WiFi maximizer using a pan/tilt bracket and servos

The OLED display shows an updated RSSI to give you an idea of the connection strength even after the sweep is complete. If you think the given dBm might be unacceptable, then you may want to move the rig and test another spot, especially if you are indoors and multipath is an issue.

If you are interested in trying out the WiFi Auto Maximizer for yourself, you can find the pin connections and code here.

This setup could be useful for performing a very basic characterization of antennas (as per 71784’s suggestion) if you are outdoors and have line of sight to an access point. By sweeping through the different angles, you could develop very simple and limited azimuth and elevation plots.
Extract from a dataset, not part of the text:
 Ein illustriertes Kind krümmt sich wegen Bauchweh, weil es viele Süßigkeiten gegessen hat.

It would not be very accurate, but it could still be useful for those of us without access to an anechoic chamber.

If I wanted to buy an inexpensive 2.4 GHz directional antenna (in lieu of DIY) to test with this rig, what would you recommend? Share your thoughts and suggestions in the comments below.


Comments 9 comments

  • If this trick help increase my wifi speed i will be the most happiest person.
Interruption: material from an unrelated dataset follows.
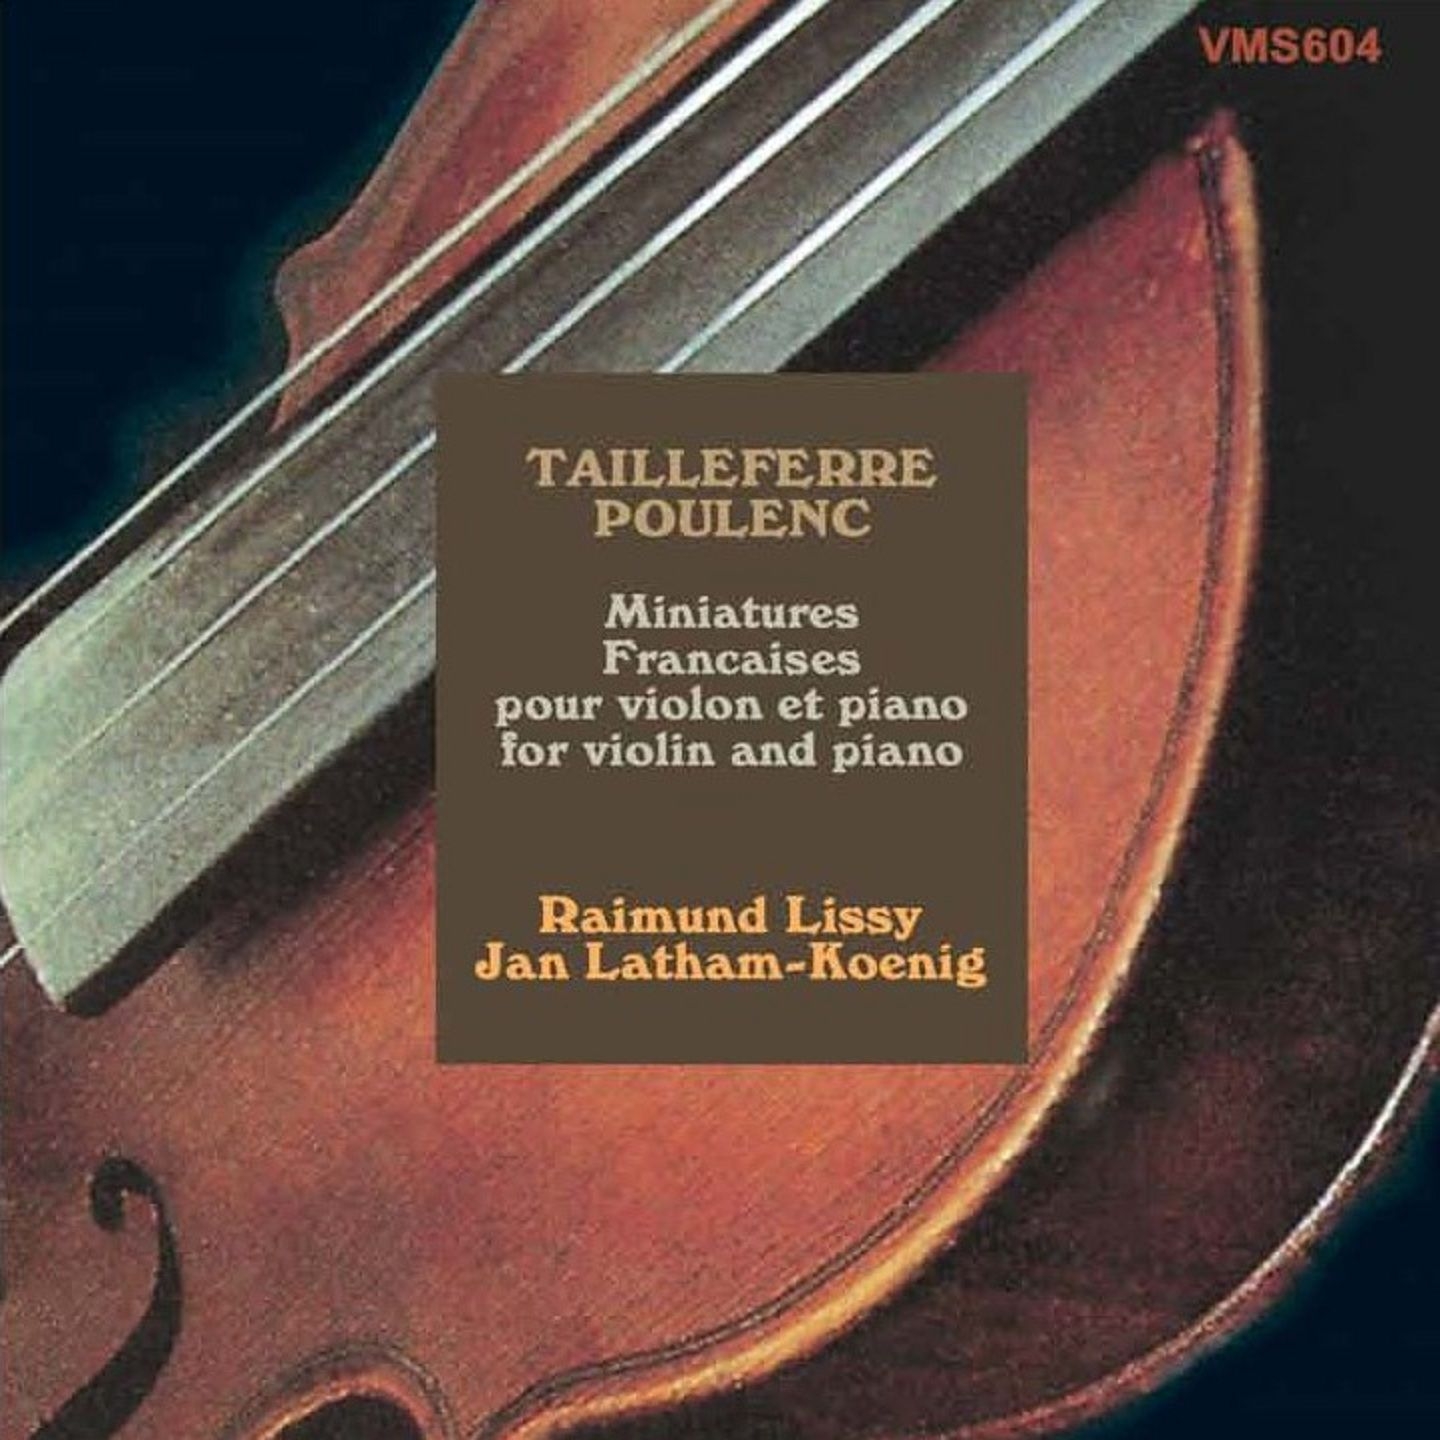 Sonate pour violon et piano, FP 119: I. Allegro con fuoco

  •  With respect to problem number 2, something that worked for me to point a solar panel at the sun was to do only two sweeps, one pan, one tilt, then put the servos at each of the found maximums.  That puts it at least in the general range of the correct angle.  Then follow that with a seeking behavior by looking one degree (or half degree or what have you) up, one degree down, left, right, and center, measuring the intensity at each.  Then pick the one with the highest intensity to be the new center, and repeat until the same center is picked x times in a row.
     The two sweep method is crude but works for solar because there is only one maximum (the sun).  I'm guessing WiFi will have multiple maximums (peaks and valleys, reflections), but if you're already in the ballpark the seeking behavior could be a great way to dial in the angle.  It could be used to correct for small movements or bumps.  With sufficient speed maybe the seeking behavior could maintain a track while it's moving.
    
    • I like the idea of using it for solar tracking! I’ve seen this done on larger panels, but it could work for smaller ones, too. You are correct: WiFi has multiple peaks in multipath environments (e.g. indoors).

  • Is there a parts list for the ServoCity pan/tilt components? Thanks.

  • Hey Shawn,

    Good article. I almost commented after your first antenna effort, but didn’t want to seem overly critical as the wiki you were following had some good general ideas. I would like to second #394180’s comments below about the ARRL books though. Being a long-time ham, I have learned a lot about antennas from reading through the ARRL Handbook (which is republished every year, so stories and information varies).

    Biota’s original instructable has a few minor issues that are addressed in fairly good depth in the instructable’s comments. The higher yield comments concern using copper wire instead of paperclips, and using an regular dipole instead of the folded dipole as the driven element. Lot’s of good discussion on his site, but these are two things that will yield a better antenna and more consistent construction results.

    The ARRL books take you through the math with some fairly simplified formulas, but there is also a lot of antenna lore and rules-of-thumb that you can get out of it that are a big help. In general though, putting ANY kind of reasonably matched external antenna is going to greatly improve your wifi connectivity. I have little experience building circularly polarized antennas, but I have read some interesting things about them in the ARRL Handbook and agree that that will probably have the best results in this case.

    Thanks for the continuing good thoughts.

  • You don’t need another servo to handle polarization, you need a circularly polarized antenna. Those can handle either vertical or horizontal linear polarization. They only have a problem when used with another circularly polarized antenna that has the opposite polarization, i.e., left hand vs. right hand polarization. In that case you could make an array of 2 circularly polarized antennas with opposite polarizations and have a switching element (diode, relay, etc.) that is driven by a single GPIO output. You may want to consider antennas used for amateur satellite stations. They have to handle random polarization changes caused by Faraday rotation, as well as low signal levels.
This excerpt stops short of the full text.